On Dec 5, 2011, at 3:20 PM, Graham, Richard L. wrote:

>>> 17.6: MPI_ANY_SOURCE
>>> -------------------------
>>> Problem: The model is too complex and can be simplified.
>>> 
>>> A blocking MPI_Recv(ANY) will return an error when a new failure
>>> occurs. A nonblocking MPI_Irecv(ANY) request, during the
>>> MPI_Wait/Test, will return a 'warning' (MPI_ERR_ANY_SOURCE_DISABLED)

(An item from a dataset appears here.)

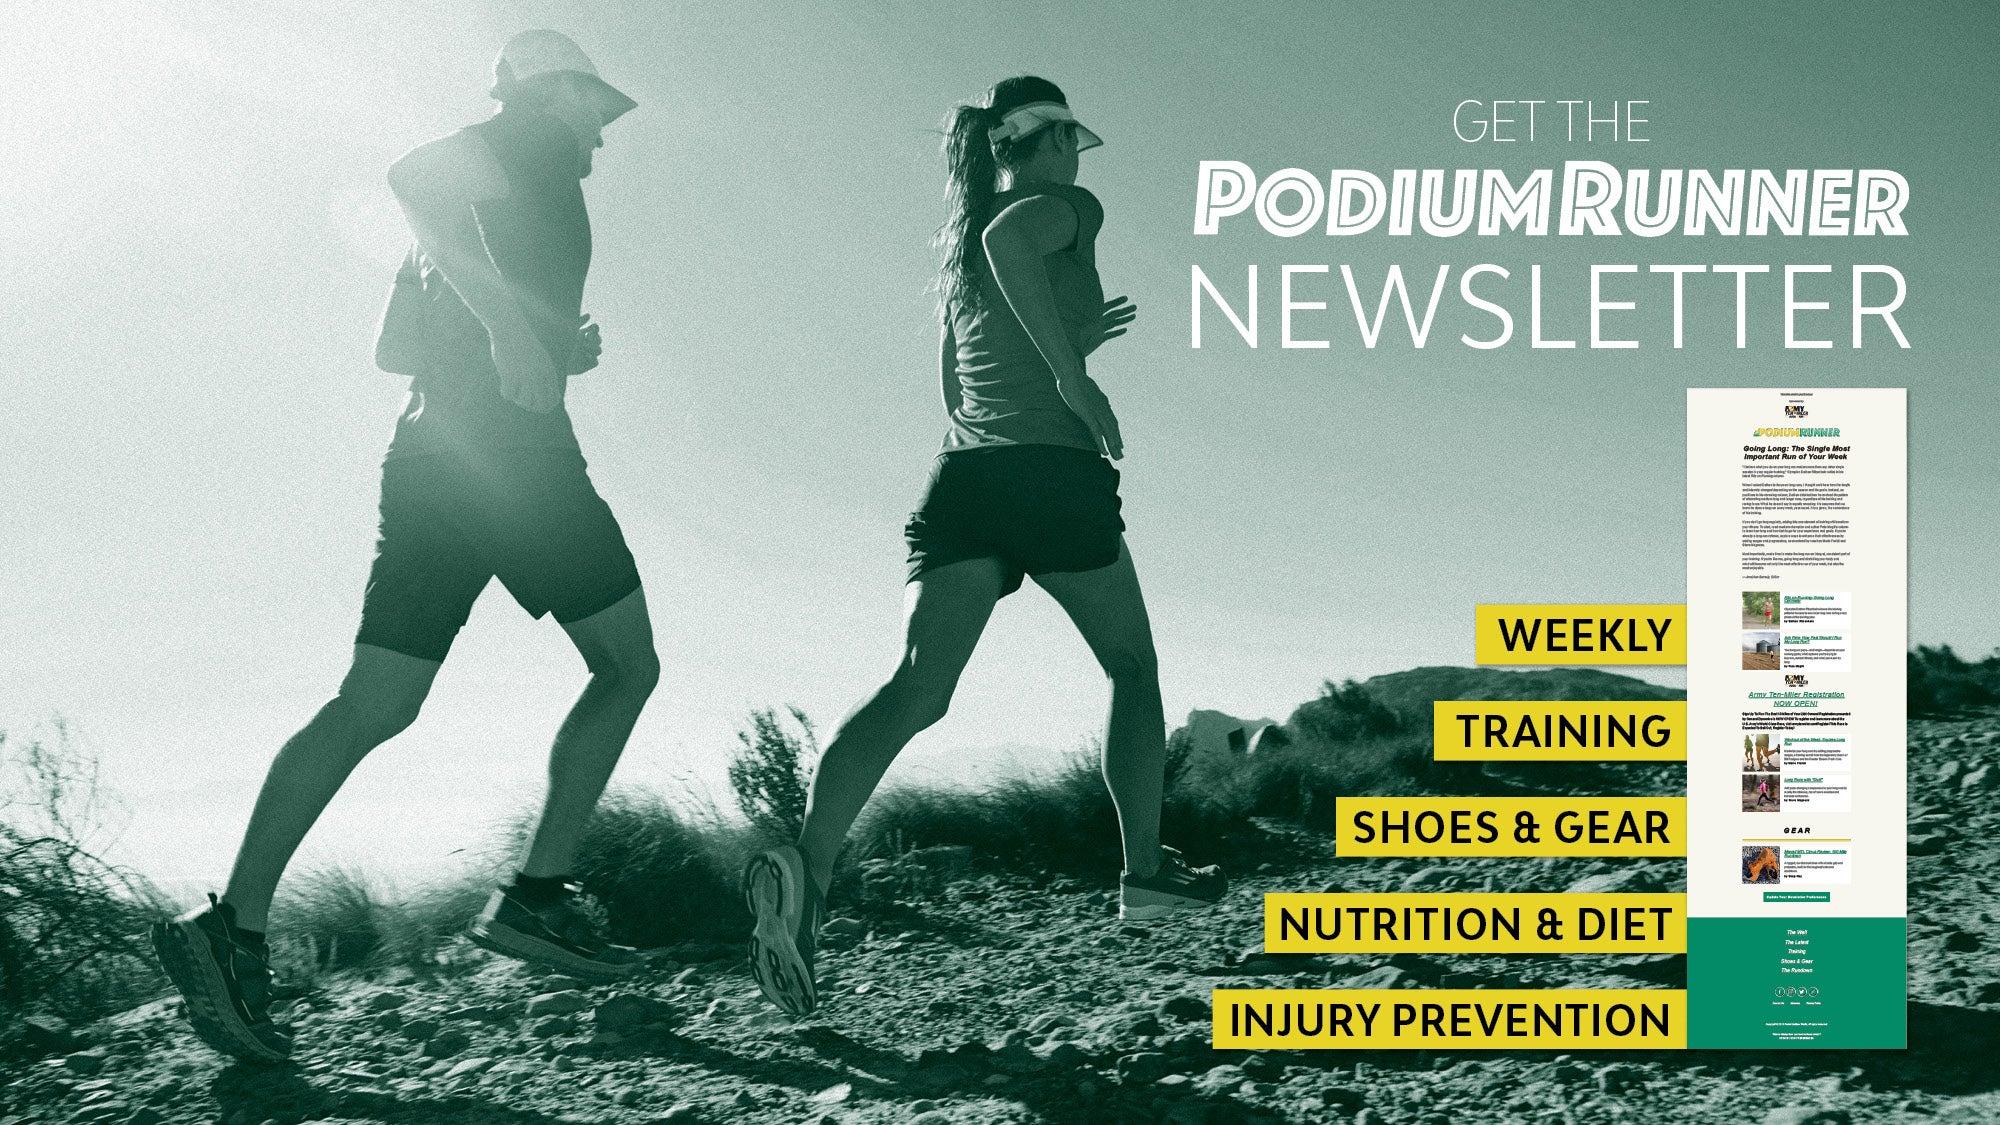 PodiumRunner Email Newsletter

>>> and not complete when a new failure occurs.
>>> 
>>> There was a debate if the user needs to call another function (like
>>> MPI_Comm_reenable_any_source) to reactivate the ANY_SOURCE receives,
>>> or if the fact that the error was returned to the user is sufficient
>>> to reactivate ANY_SOURCE. The ones that returned a 'warning' error can
>>> be matched/completed if while the user is handling the error a
>>> matching send arrives. So this kind of just works like an interrupt.
>>> 
>>> Additionally, once an error is returned should we remove the
>>> protection that "Any new MPI_ANY_SOURCE receive operations using a
>>> communicator with MPI_ANY_SOURCE receive operations disabled will not
>>> be posted, and marked with an error code of the class
>>> MPI_ERR_PROC_FAIL_STOP." So new MPI_Recv(ANY) would post successfully.
>>> 
>>> The sentiment is that the user is notified of the process failure via
>>> the return code from the MPI_Wait/Test, and if they do another
>>> MPI_Wait/Test or post a new ANY_SOURCE receive they implicitly
>>> acknowledge the failed process. To avoid a race condition where
>>> another process fails between the error return and the MPI_Wait/Test,
>>> the library needs to associate an 'epoch' value with the communicator
>>> to make sure that the next MPI_Wait/Test returns another error.
>>> 
>>> I like the idea of the user doing an explicit second operation, like
>>> MPI_Comm_reenable_any_source, since then we know that the user is
>>> aware of the failed group (and seems more MPI-like to me). However, I
>>> like the more flexible semantics. So I'm a bit split on this one.
>>> 
>> 
>> There's still a race with threads:  A thread posts a blocking AS receive.  The receive completes with an error because some process in the comm failed.  Another thread posts a blocking AS receive immediately after the receive on the first thread returns.
>> 
>> Even though, from the MPI library's point of view, the application has been "informed" of the failure when the first receive returned with an error, there wasn't enough time for the application to react to the error and prevent the second thread from posting the receive.
> 
> [rich] I expect the user would get an error in both cases.  Is there a problem with this ?  As long as the user does not get a response that would have it get into a deadlock state, I think we are OK.  If we say that we are in an error state and are not, this is OK, the user can "fix" this.  If we enter into into the call and think we are not in an error state, but really are, I think we are also OK, if we keep track of epochs.
> 
> Rich